Link

Now that the material system is explained, we can go forward to the meat of it, the mesh rendering system.

Most of the system code is on vk_scene.h/cpp files. The part that does the rendering commands for it is done in vk_engine_scenerender.h/cpp files.

The design of the system is inspired by work shown in Unreal Engine and OurMachinery blogs and presentations. It’s not the best solution, but it’s one that does work fairly well.

Mesh Passes

The main idea of the system is that rendering is done through a MeshPass, a given mesh pass holds the information needed to render a pass of meshes for a part of the renderer. At the time of writing, the engine has 3 meshpasses, Forward rendering, Sun Shadow render, and Transparent render.

There can be many more mesh passes with no issues.
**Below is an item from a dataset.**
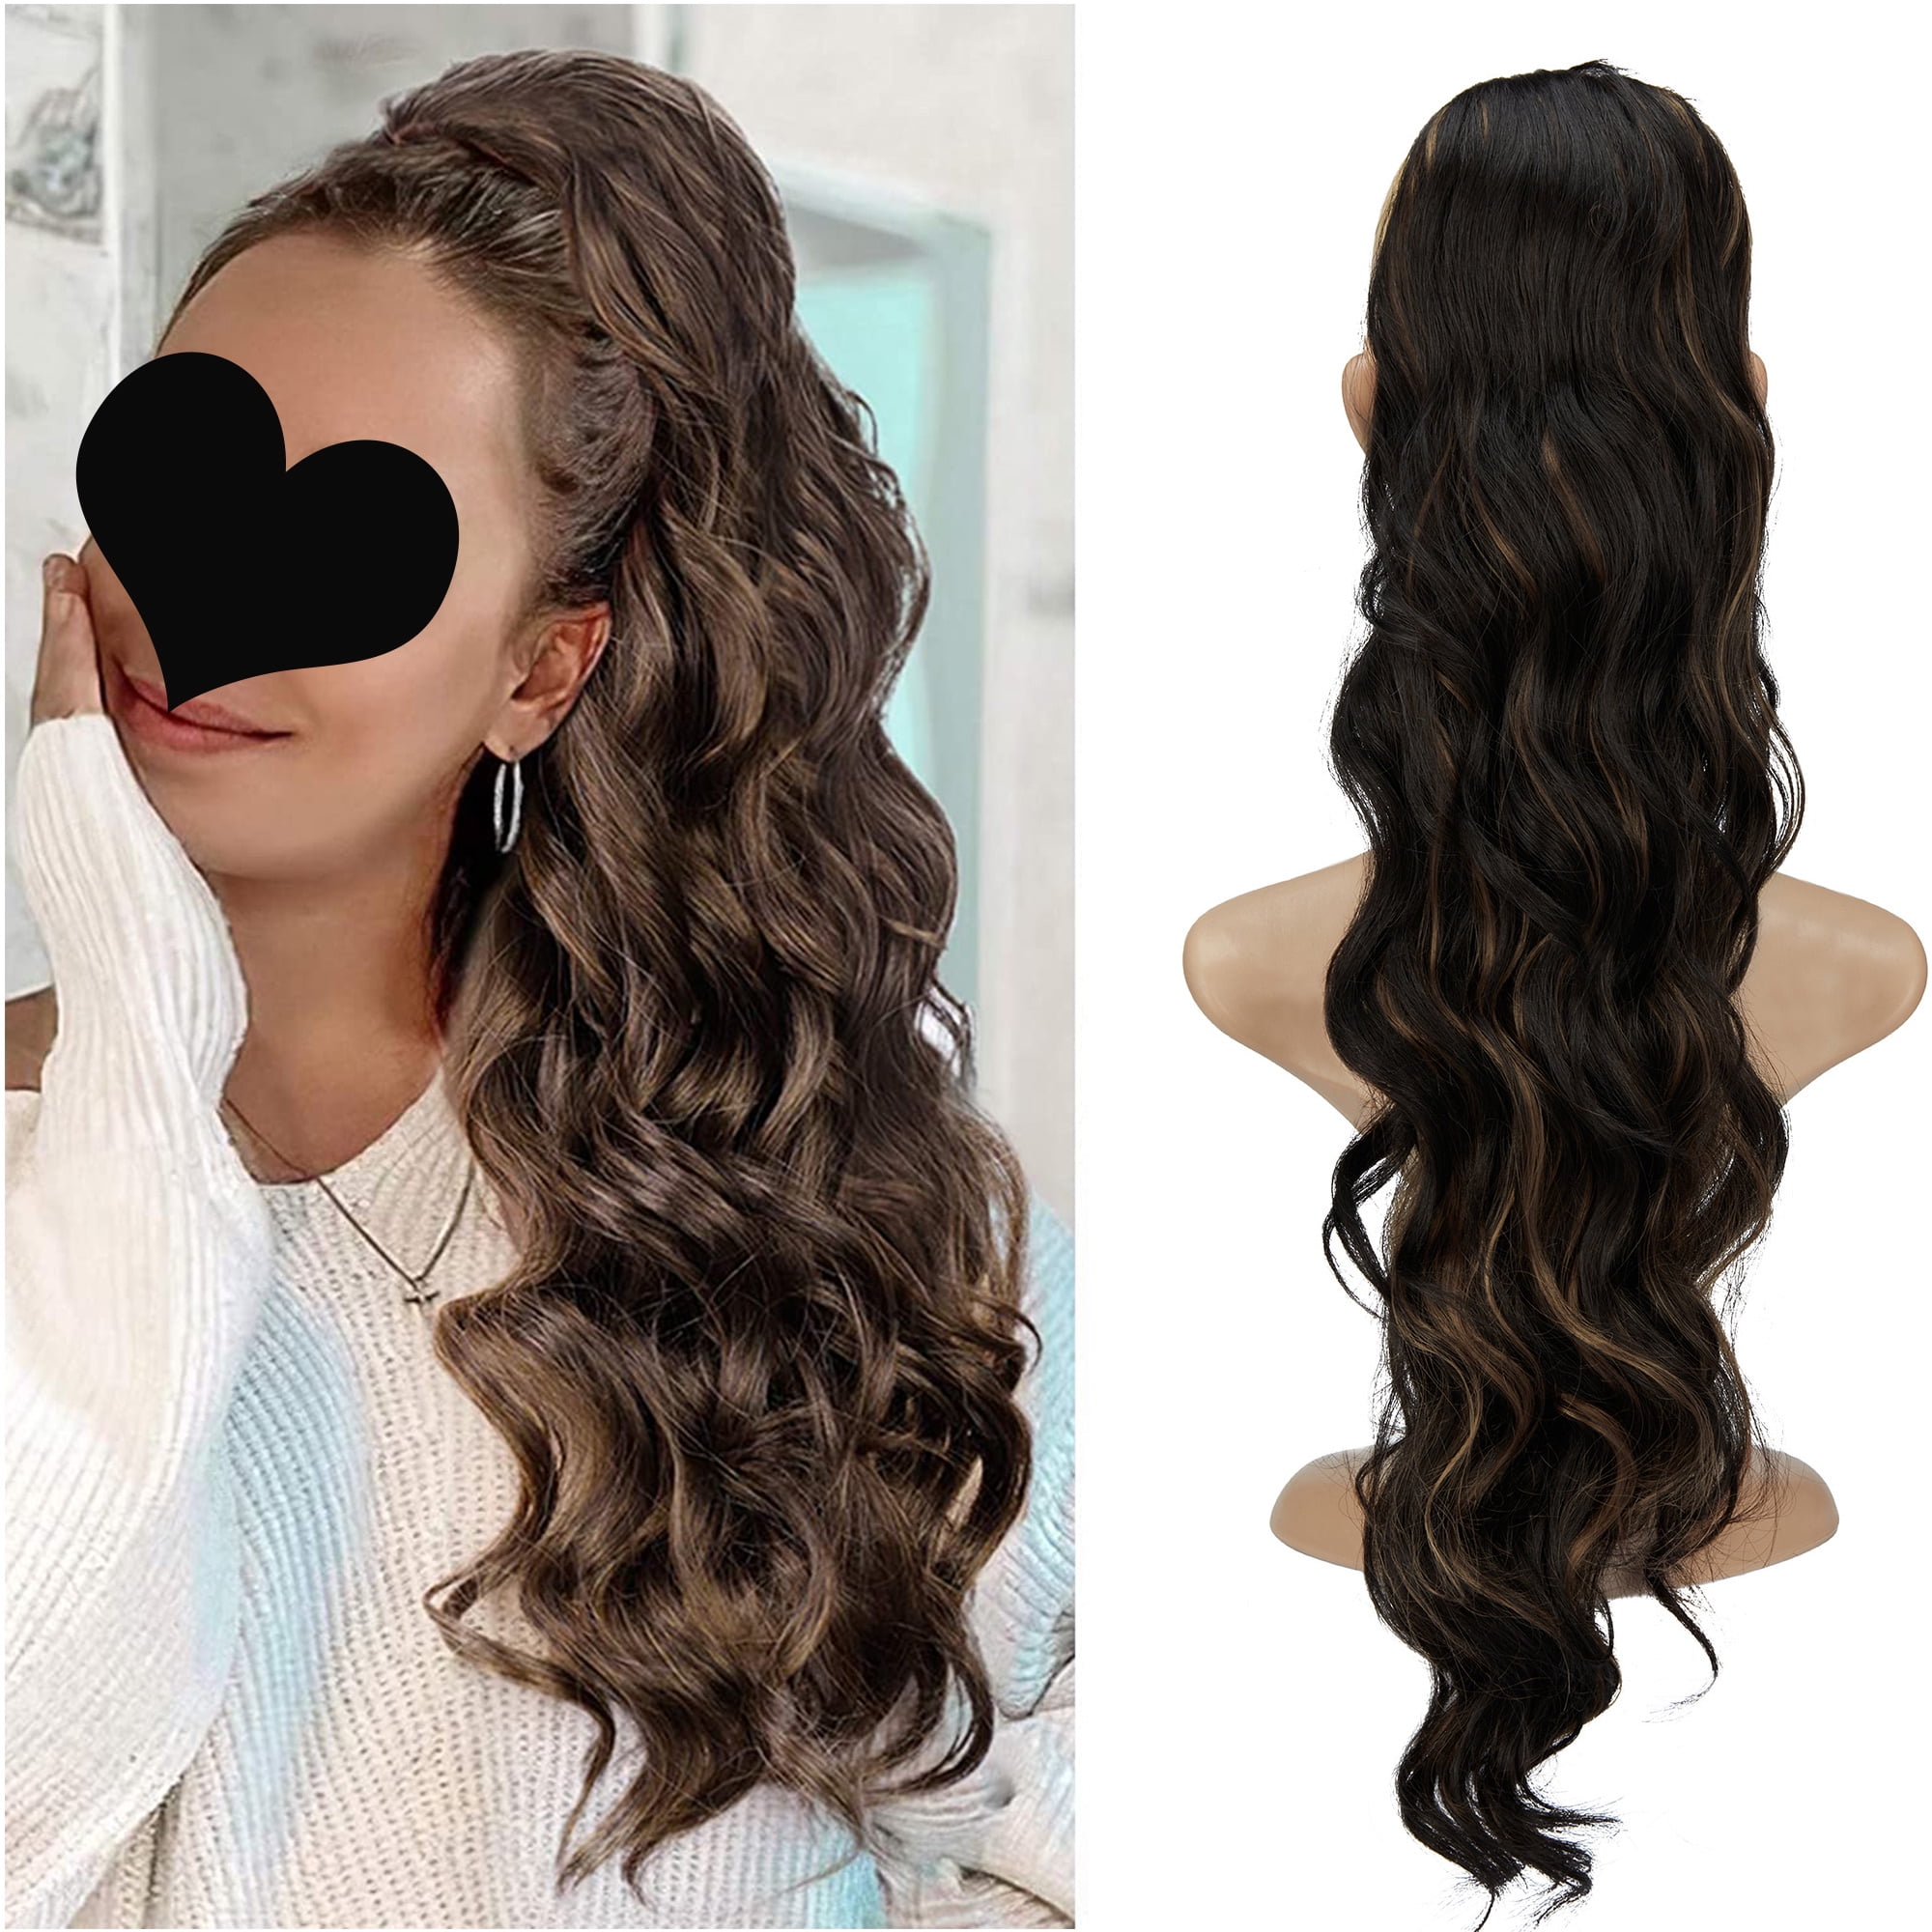 Wave Ponytail Extension Clip in - 24 Inch Long Wavy Curly Clip in

If you wanted to have pointlights that also cast shadow, you would have 1 mesh-pass per shadowcasting light, and if you had portals wich require more cameras, you would have more Forward meshpasses. A very clear improvement over the code is to have a MeshPass for dynamic objects, to have it separated from the static level load objects. Another improvement would be to split the big forward-meshpass into tiles for an open world game, so that the different forward passes can update at different rates.

A MeshPass can be expensive to rebuild, even with the systems that allow incremental rebuild of it. A good part of its structures need to be rebuilt if objects are added or removed from the renderpass. Moving objects or changing their properties does not require rebuilding a MeshPass, only add/remove or material switch needs it.
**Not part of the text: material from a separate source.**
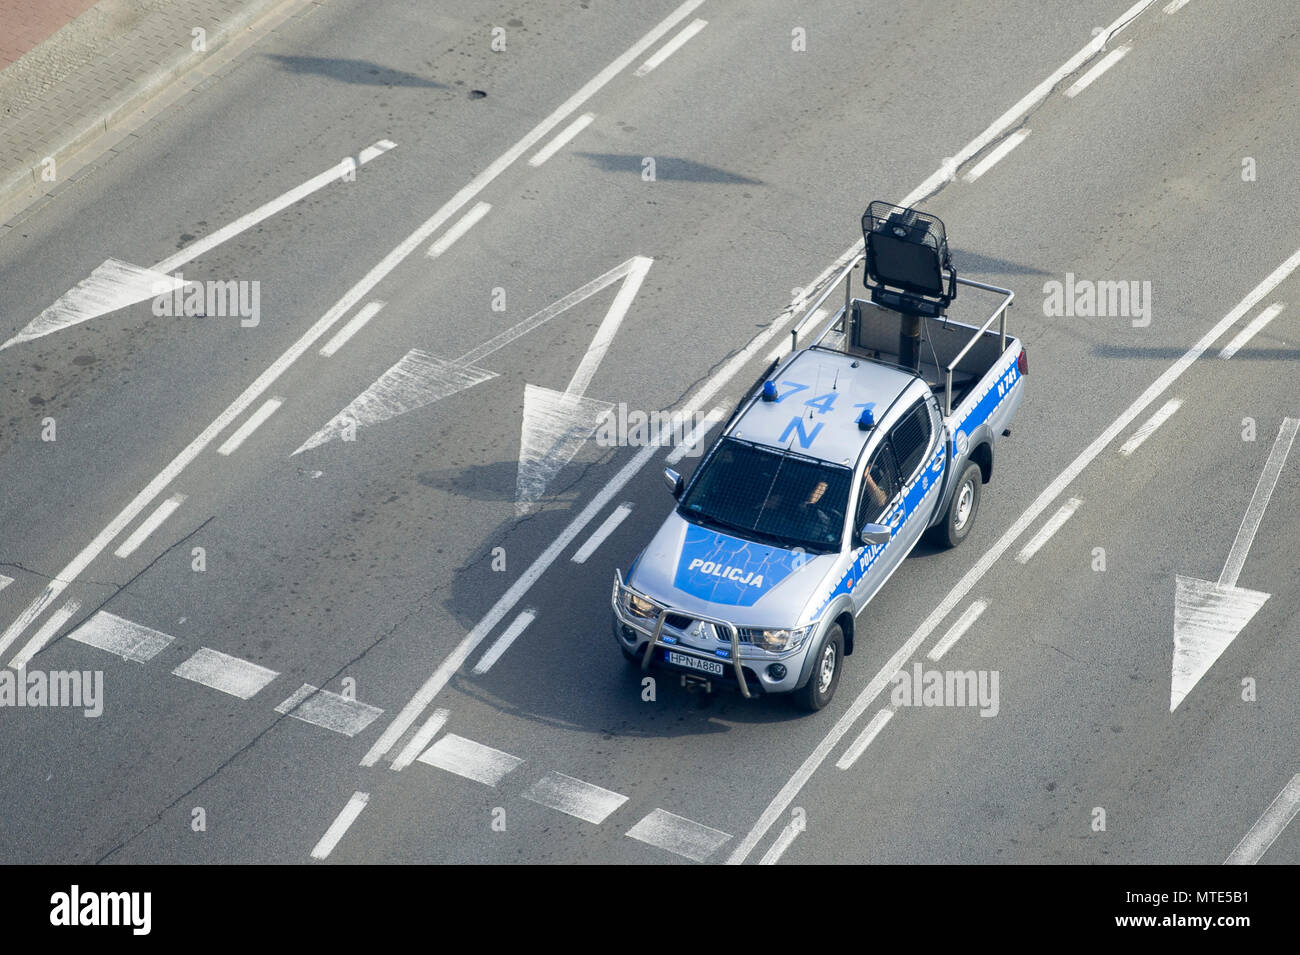 Polish police car Mitsubishi L200 with LRAD 500X (Long Range Acoustic Device is an acoustic hailing device used for non-lethal, non-kinetic crowd cont Stock Photo

Because the MeshPass is a fully standalone collection of drawcalls, they can be saved, restored, and recalculated in parallel. This automatically gives the possibility of rebuilding drawcalls for shadowcasting in parallel without any issues.

A meshpass is composed of a set of flat arrays of the data inside it. Being fully flat, it makes it easy to syncronize its data with the GPU.

    // final draw-indirect segments
    std::vector<RenderScene::Multibatch> multibatches;
    // draw indirect batches
	std::vector<RenderScene::IndirectBatch> batches;
    // sorted list of objects in the pass
	std::vector<RenderScene::RenderBatch> flat_batches;

    //unsorted object data
	std::vector<PassObject> objects;

    //objects pending addition
    std::vector<Handle<RenderObject>> unbatchedObjects;

    //indicides for the objects array that can be reused
	std::vector<Handle<PassObject>> reusableObjects;

    //objects pending removal
	std::vector<Handle<PassObject>> objectsToDelete;

The main rendering ones are multibatches, batches, and flat_batches. Each of them is sorted, and they map directly into drawcalls.

struct RenderBatch {
		Handle<PassObject> object;
		uint64_t sortKey;

Flat_batches is the individual non-instanced draws for every object in the pass. This one can get very big if there are enough objects. If you don’t want to use draw indirect, you can render this array directly. They are just a handle to the objects array + the calculated sort key. Flat-batches array will be kept in-order allways.

struct IndirectBatch {
		Handle<DrawMesh> meshID;
		PassMaterial material;
		uint32_t first;
		uint32_t count;
	};

Batches is an array of DrawIndirect data, each of them covering a range on the flat-batches array. A given batch maps directly to a single VkDrawIndirectCommand, using instanced rendering to draw a set of objects.

struct Multibatch {
		uint32_t first;
		uint32_t count;
	};

Multibatches is another level of indirection for the Batches array. It contains segments of draw commands that can be executed together. This way each VkDrawIndirect call can render multiple VkDrawIndirectCommands at the same time.

struct PassMaterial {
		VkDescriptorSet materialSet;
		vkutil::ShaderPass* shaderPass;
	};
struct PassObject {
		PassMaterial material;
		Handle<DrawMesh> meshID;
		Handle<RenderObject> original;
		uint32_t customKey;
	};

Pass Object array is a list of the objects handled by this meshpass. Each of them holds a simplified material (only material descriptor set + pass) and handles to the mesh and original render object. When the meshpass updates, it will use this array to build the actual drawcalls. The objects array will have holes, as when objects get deleted, they just get sent to null, and the indices will be reused later. We hold those indices into the reusableObjects array.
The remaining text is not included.